Anthropic Just Admitted Their New Model Is Too Dangerous to Release

#ai #anthropic #security #llm

Claude Mythos finds vulnerabilities that have existed for 27 years. Anthropic is only giving it to security researchers. This is the first real AI safety inflection point.

Anthropic didn't release a model today.

They announced Project Glasswing instead.

The model, Claude Mythos, exists. It works. But you can't use it.

Only a handful of security researchers get access.

Why? Because it found a 27-year-old bug in OpenBSD by sending "a couple pieces of data to any server and crash it." Because it chains four or five vulnerabilities together to build exploits that escape sandboxes. Because it achieved a 181/200 success rate on exploit development where the previous best model managed 2.

This is the first time an AI company has said: we built something we can't give you.

The Capability Gap Is Real

Let me put some numbers on this.

Claude Opus 4.6: near-0% success rate at autonomous exploit development.

Claude Mythos: 181 working exploits out of 200 attempts on Firefox JavaScript engine vulnerabilities.

That's not an incremental improvement. That's a phase transition.

Nicholas Carlini from Anthropic puts it bluntly: "I've found more bugs in the last couple of weeks than I found in the rest of my life combined."

What Mythos Actually Does

The technical details are genuinely sobering:

Browser exploits: Chained four vulnerabilities including JIT heap spray to escape both renderer and OS sandboxes
Kernel exploits: Found race conditions and KASLR bypasses for local privilege escalation on Linux
Network exploits: Built a 20-gadget ROP chain split across multiple packets for FreeBSD NFS root access
Ancient bugs: Found a TCP SACK bug in OpenBSD that existed for 27 years

These aren't theoretical. They're patched. OpenBSD has the errata. Linux has the commits. This is real vulnerability research at a scale and speed humans can't match.

Why This Matters

Two things are happening simultaneously:

First, the capability is here. Not next year, not in five years. Right now. A model exists that can autonomously find and exploit vulnerabilities in the software that runs the internet.

Second, the responsible deployment problem is real. Anthropic isn't hyping this as their next product. They're treating it as a controlled substance.

The Linux kernel maintainers noticed something changed about a month ago.

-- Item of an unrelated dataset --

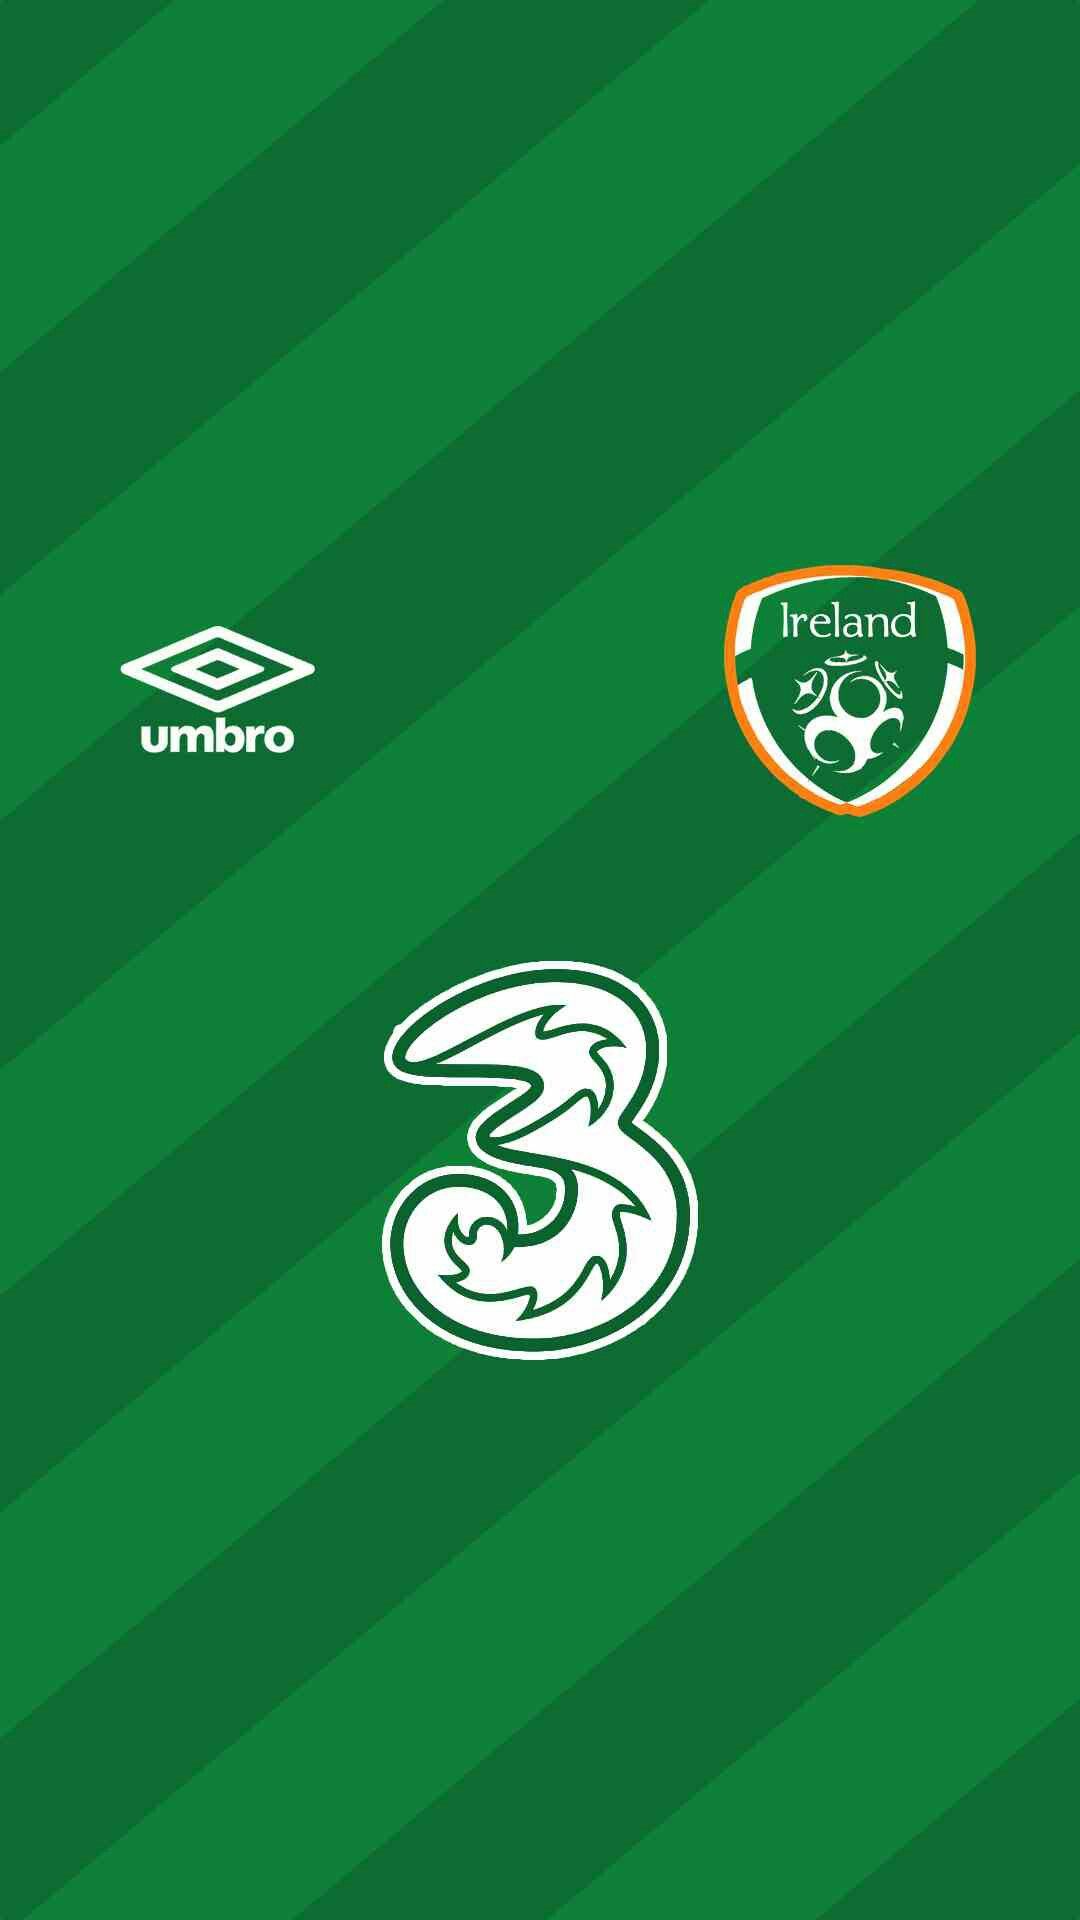 Republic of Ireland wallpaper. Football wallpaper, Umbro, Negara

Greg Kroah-Hartman: "Now we have real reports. All open source projects have real reports that are made with AI, but they're good, and they're real."

Daniel Stenberg of curl: "I'm spending hours per day on this now. It's intense."

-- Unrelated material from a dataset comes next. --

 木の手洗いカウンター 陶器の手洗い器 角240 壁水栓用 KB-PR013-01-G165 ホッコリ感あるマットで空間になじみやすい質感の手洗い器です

The Proliferation Question

Anthropic's position is: we're giving the industry time to prepare before these capabilities become widely available.

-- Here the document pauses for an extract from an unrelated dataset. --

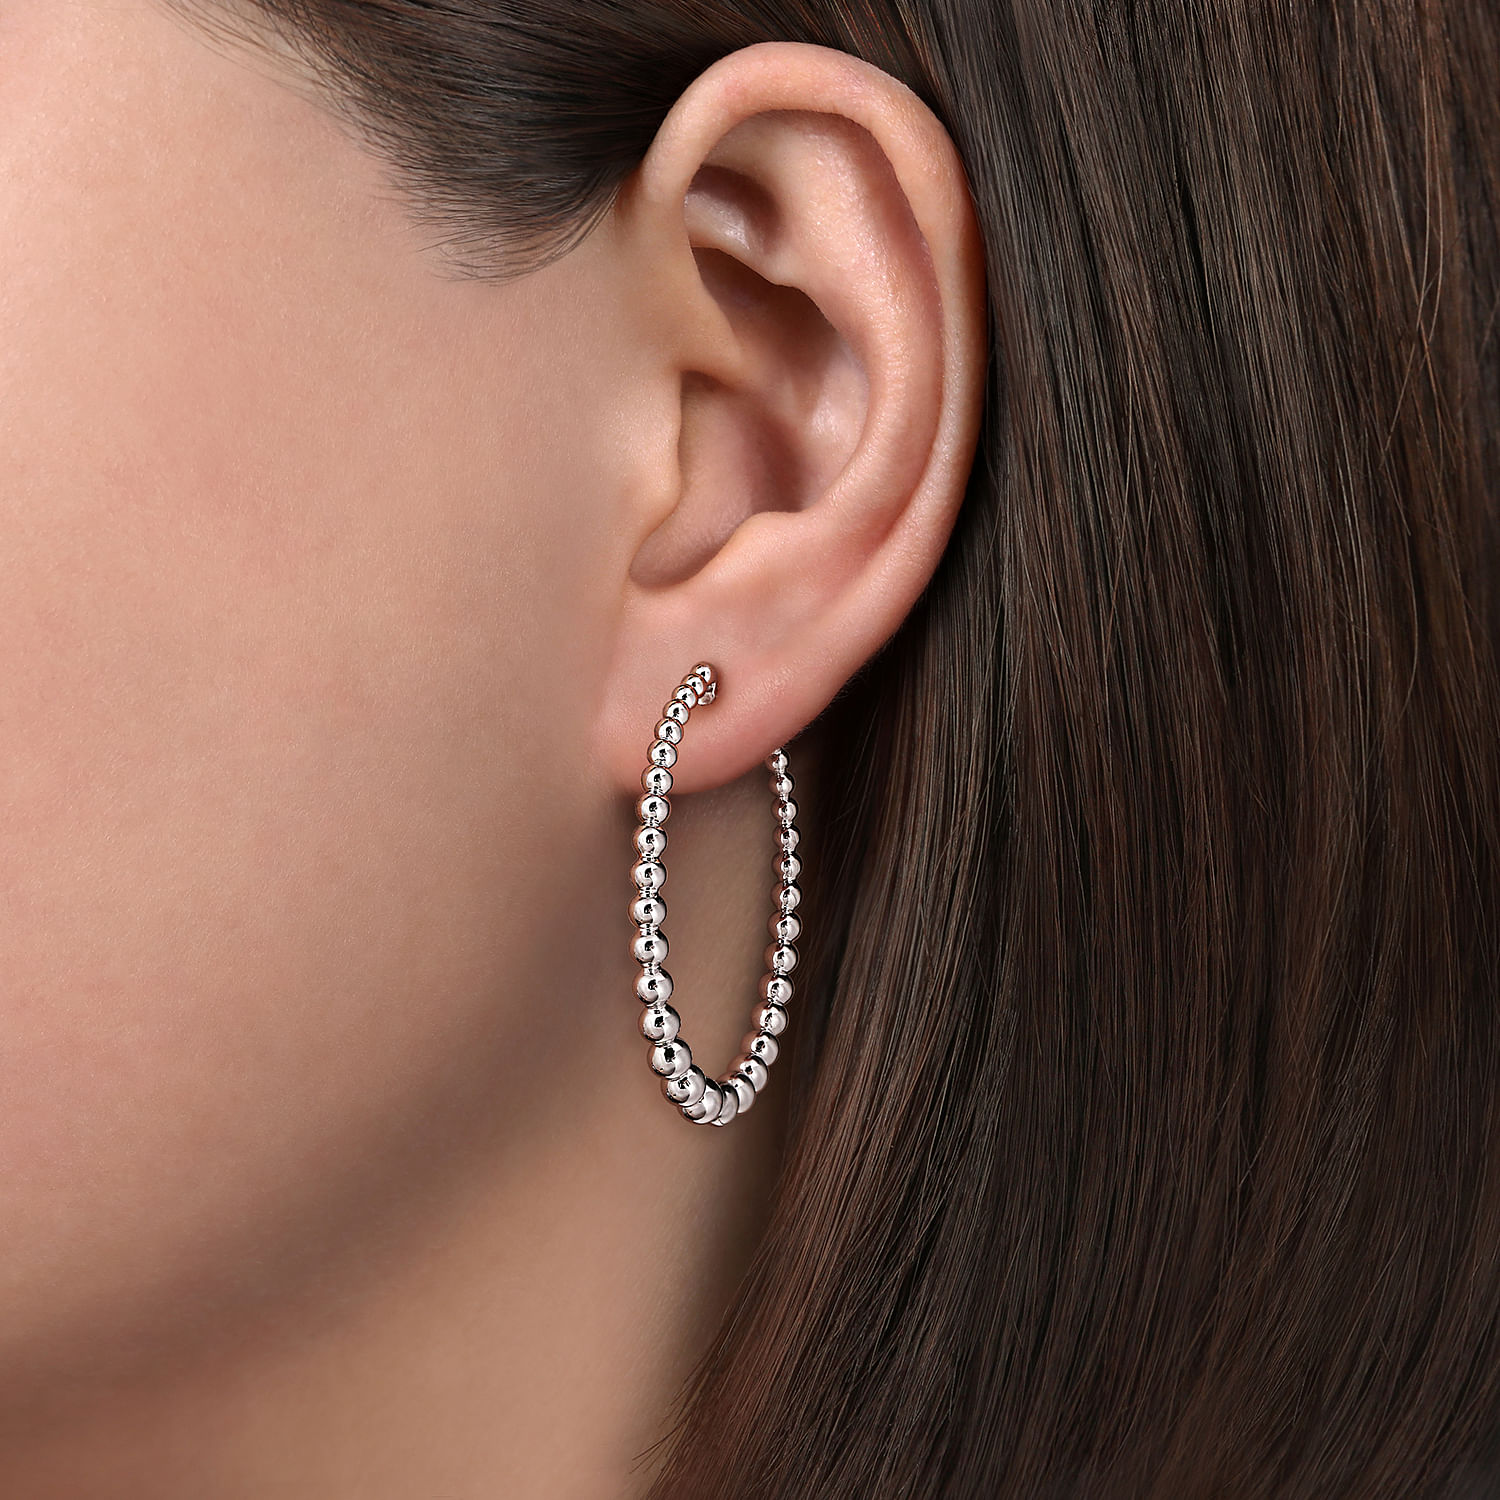 925 Sterling Silver Bujukan Graduated 40mm Classic Hoop Earrings

The uncomfortable truth is that they're right to worry. If Mythos-level capability exists at Anthropic, it will exist elsewhere. Open models are improving. Chinese labs like Z.ai just released GLM-5.1, a 754B parameter model MIT-licensed on Hugging Face. The gap between frontier proprietary models and open models is measured in months now, not years.

What to Watch

Three signals matter now:

Patch velocity: How quickly major projects can respond to AI-discovered vulnerabilities
Proliferation: When non-Anthropic models achieve similar exploit development success rates
Defensive tooling: Whether AI can be turned around to systematically harden software faster than it can be broken

The defensive question is the important one. Mythos finds bugs. Can another model write code that doesn't have them?

The Takeaway

We've crossed a threshold.

AI companies have talked about safety for years. Anthropic just demonstrated it - by withholding a working product that they believe could cause real harm if deployed carelessly.

Whether you trust their judgment or not, this is the moment where AI capability and AI safety stopped being theoretical discussions and started being operational decisions.

The model exists. You can't use it. And that's the story.

This isn't marketing. It's containment. And it's the first real test of whether the AI industry can police itself before someone forces them to.